Everything from the line that contains "H&S Brennesselkraut Nr." to the final line of the data, both ends included, must be set down exactly, apart from the pictures.

Information provided –
=-=-=

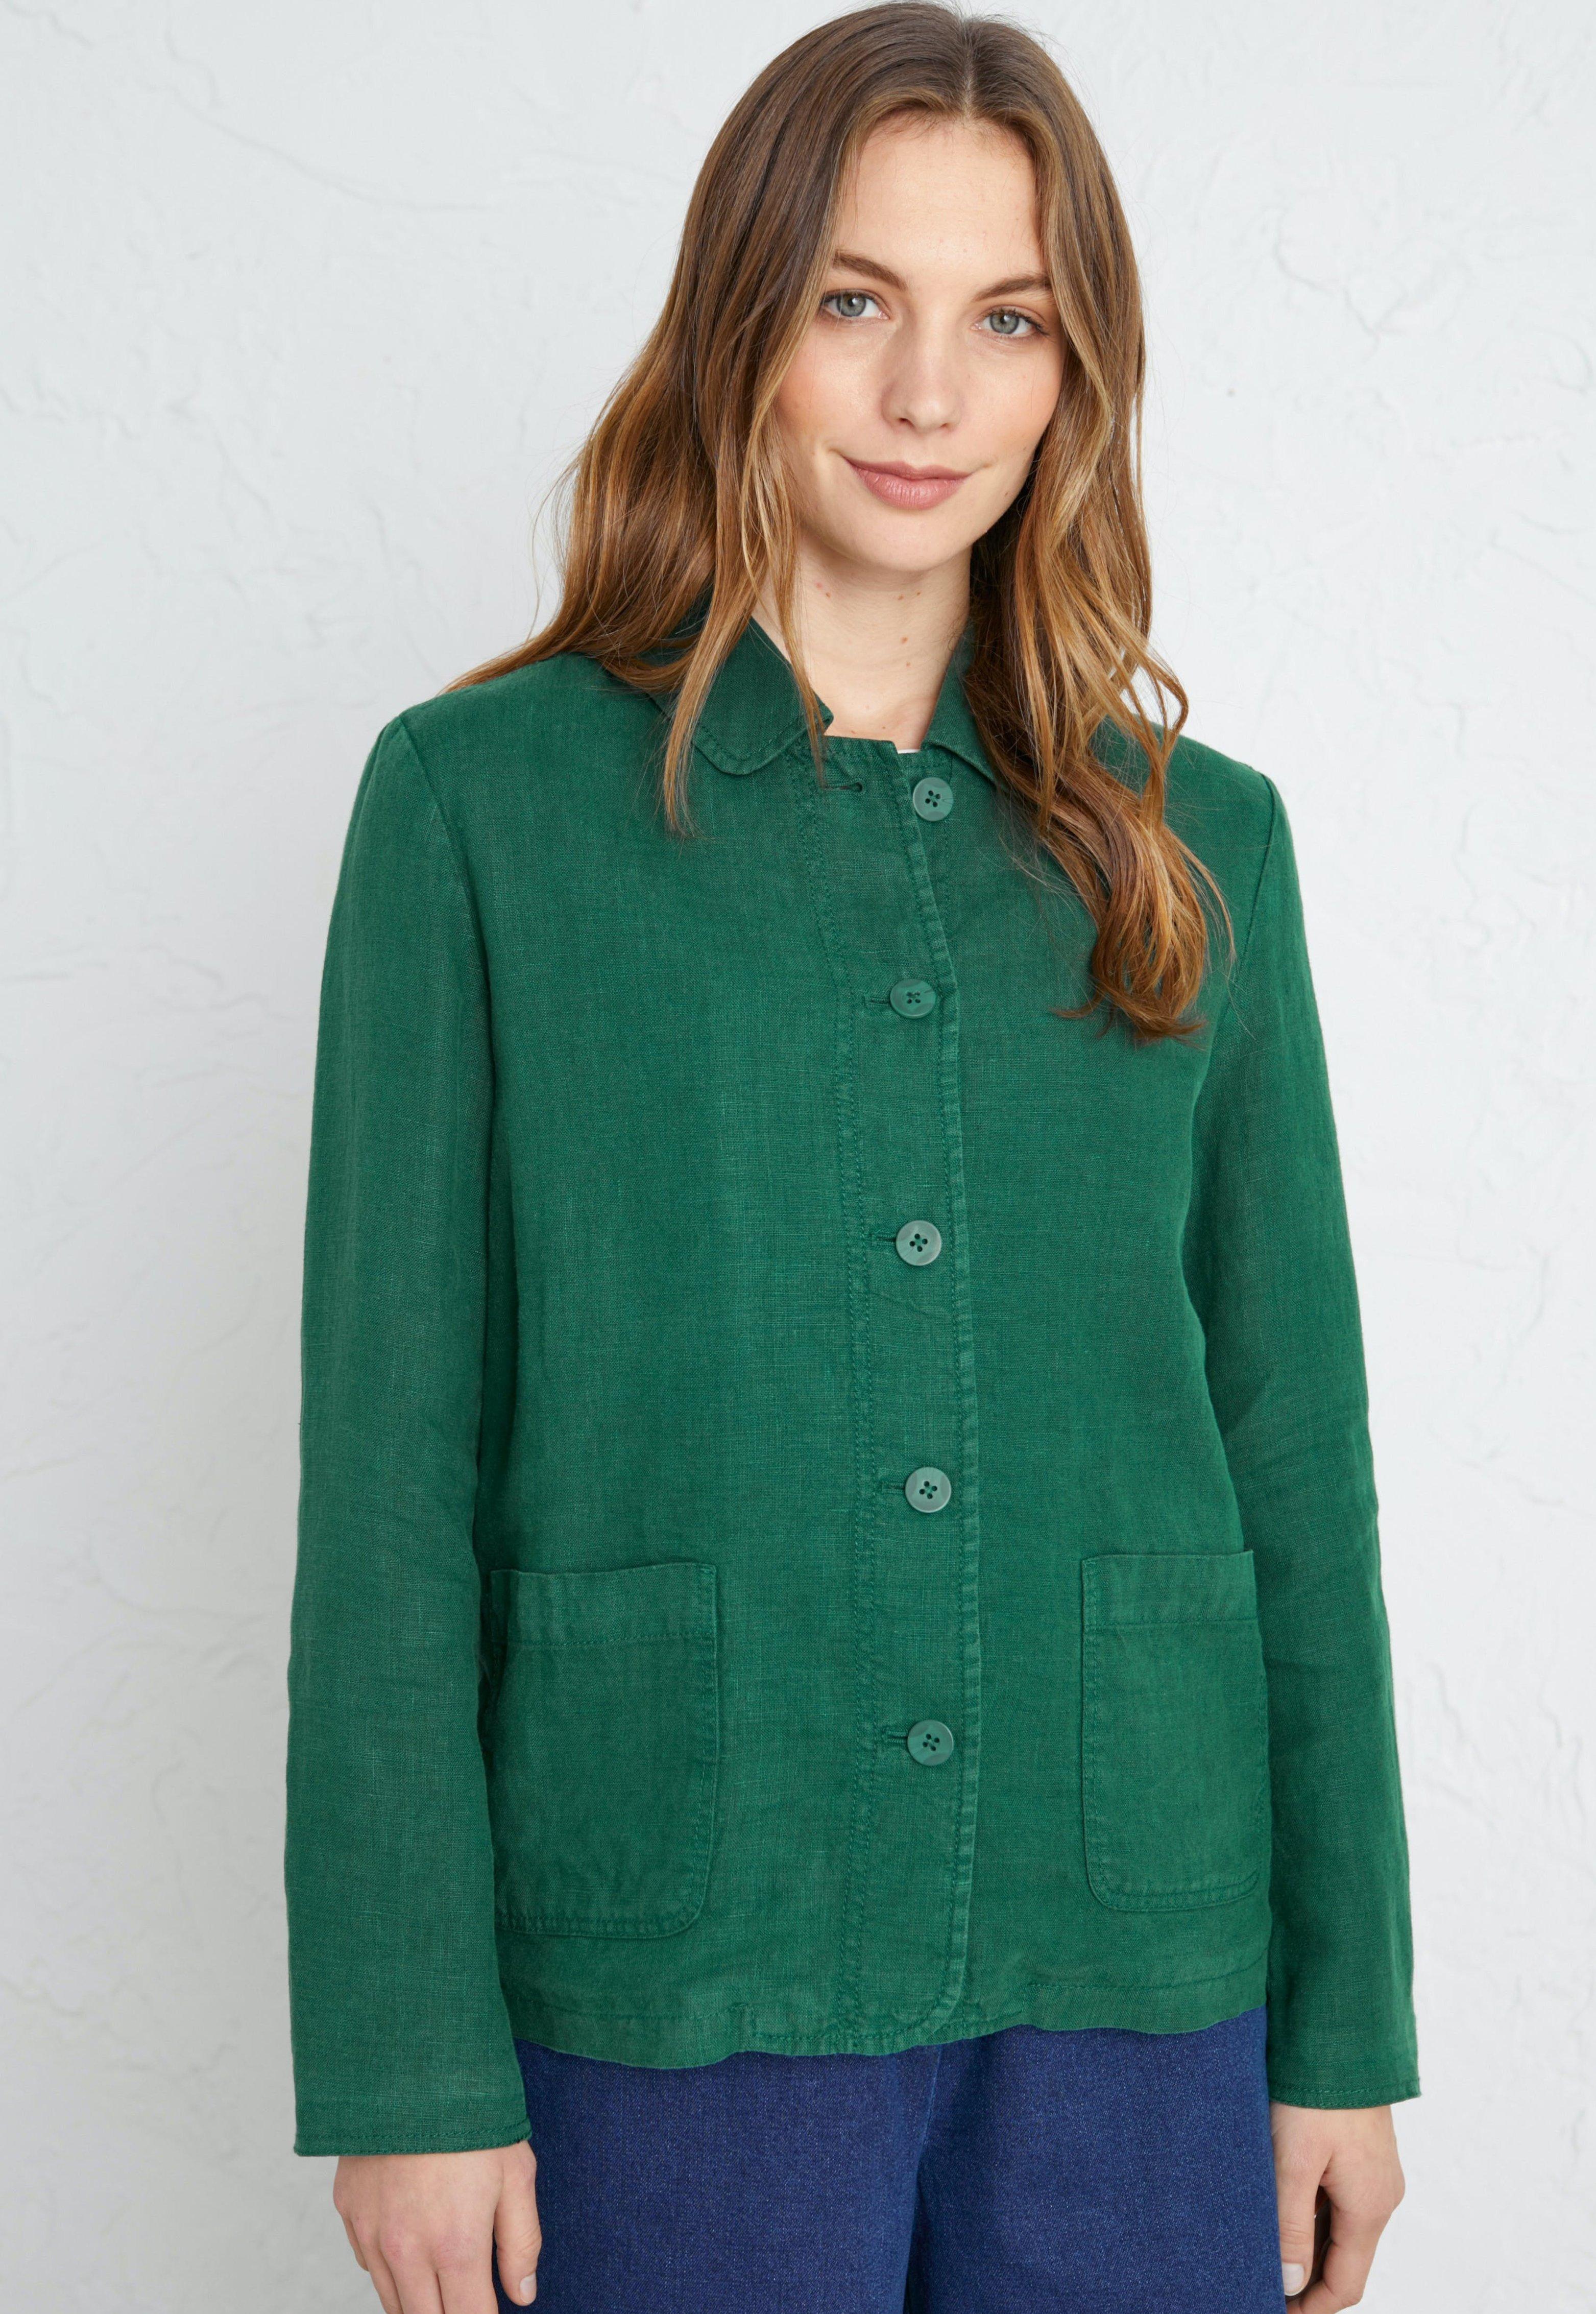 SEASALT Übergangsjacke - green | Damenbekleidung billig
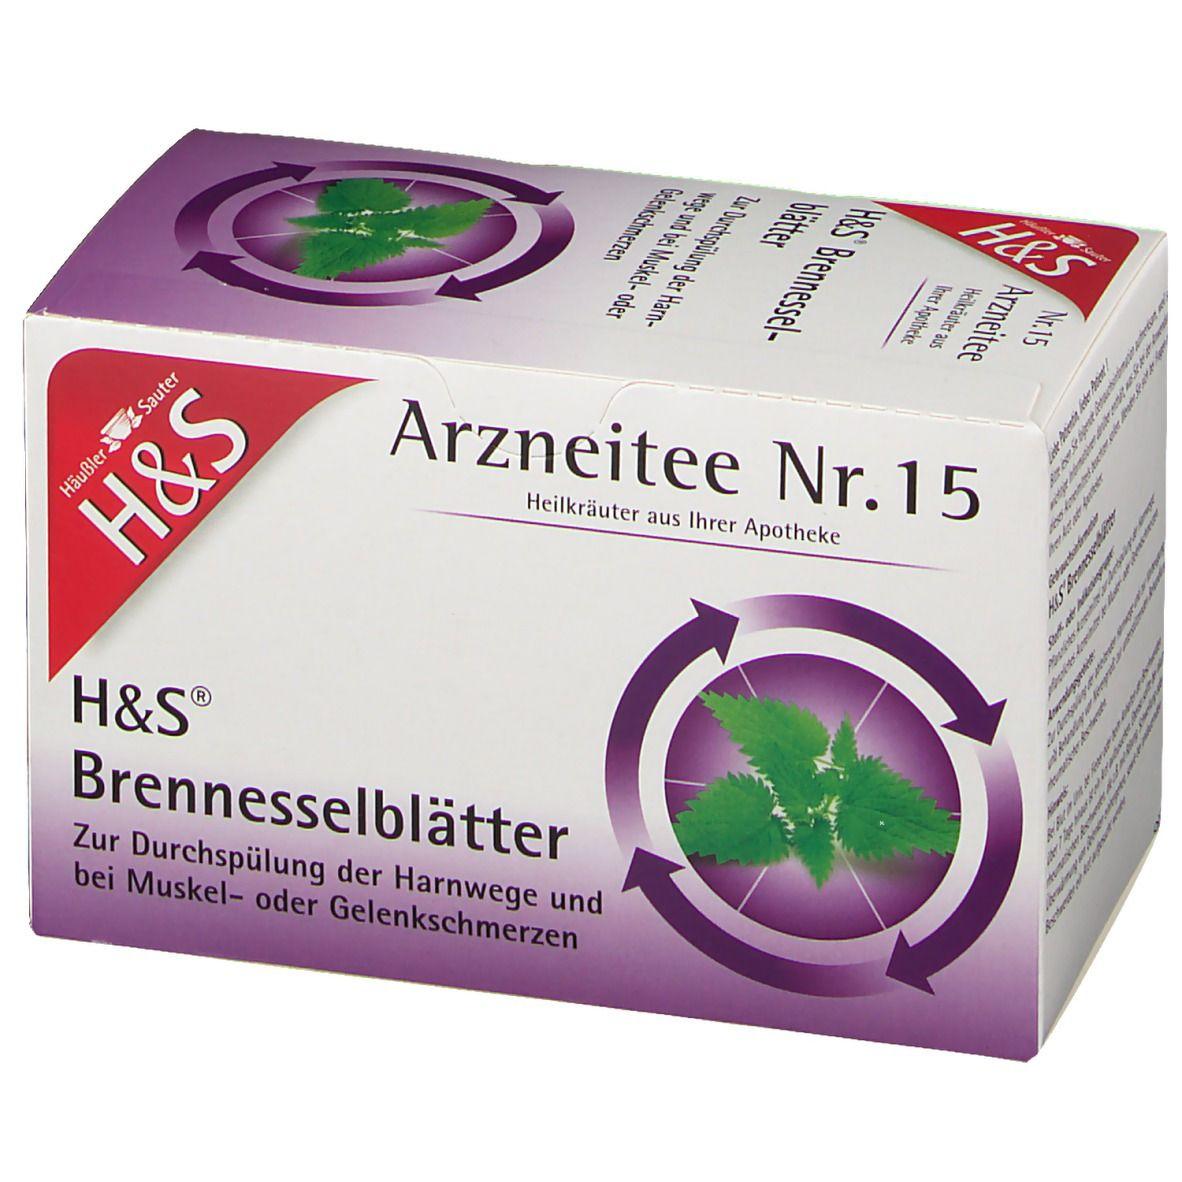 H&S Brennesselkraut Nr. 15 20X1.6 g - shop-apotheke.com
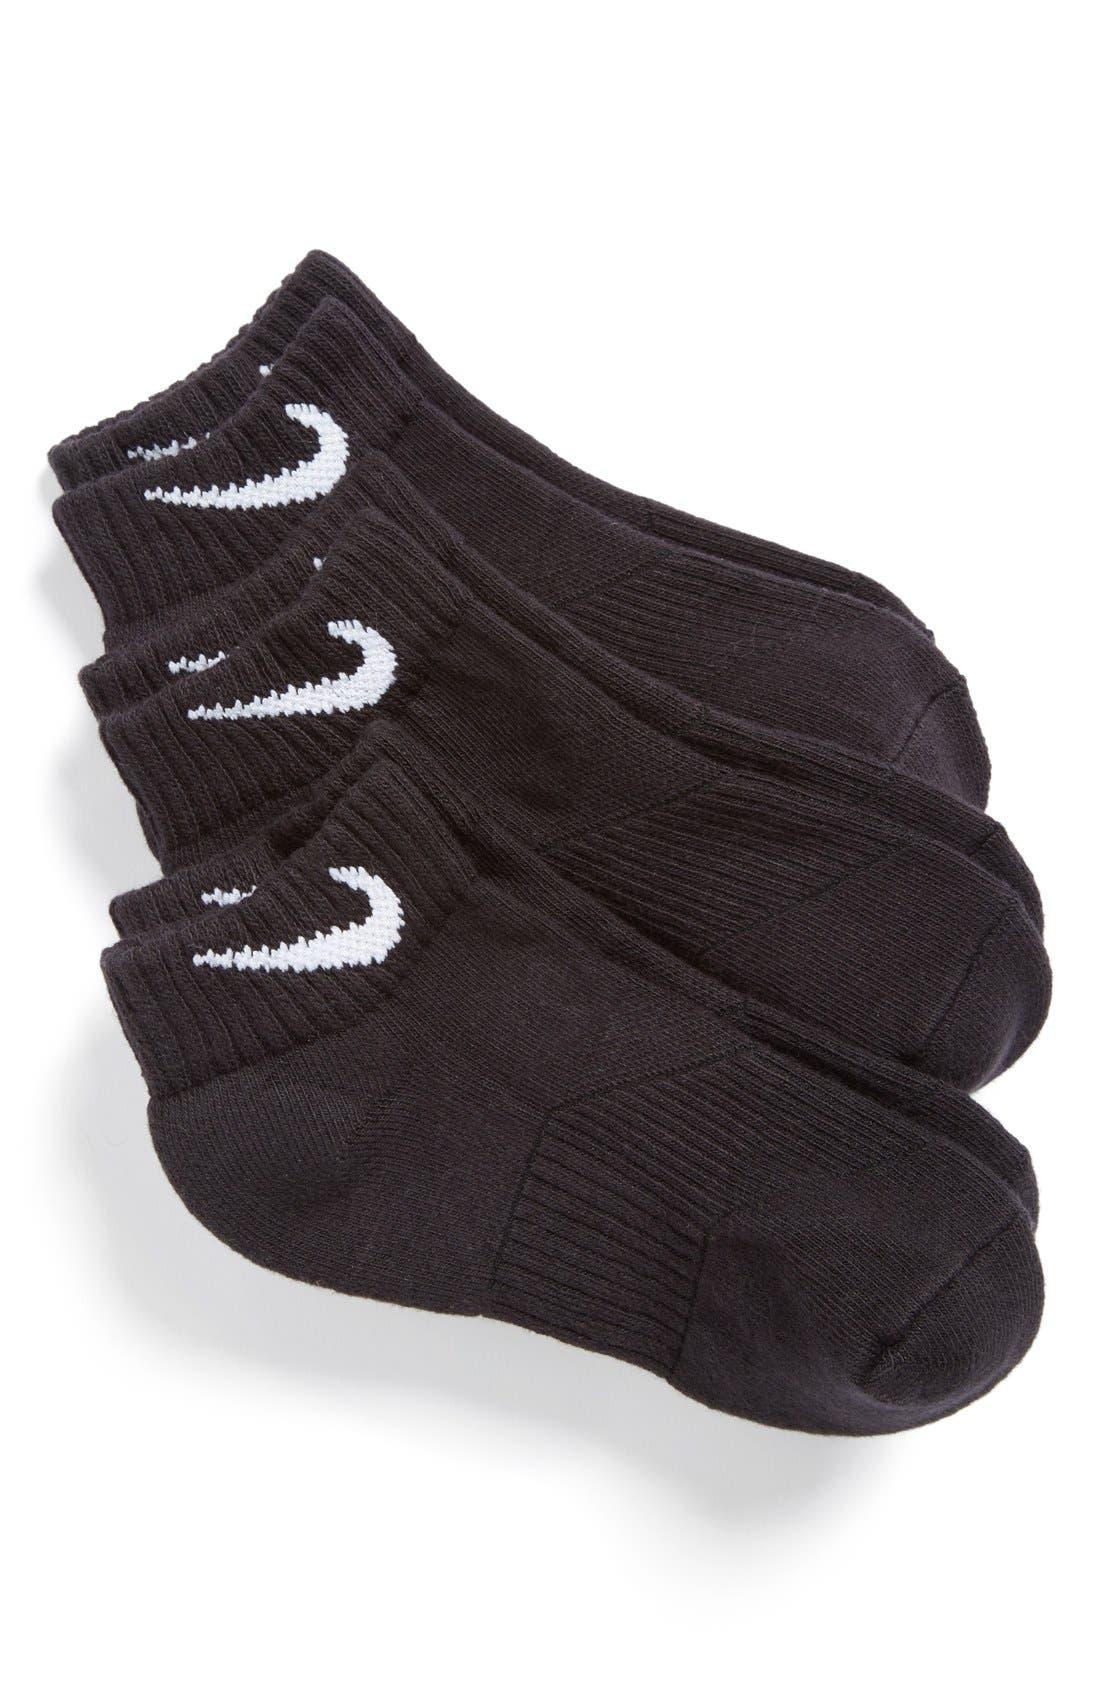 3-Pack Cushioned Low Cut Socks,                             Main thumbnail 3, color,

=-=-=

Solution to this problem –
 H&S Brennesselkraut Nr. 15 20X1.6 g - shop-apotheke.com
 3-Pack Cushioned Low Cut Socks,                             Main thumbnail 3, color,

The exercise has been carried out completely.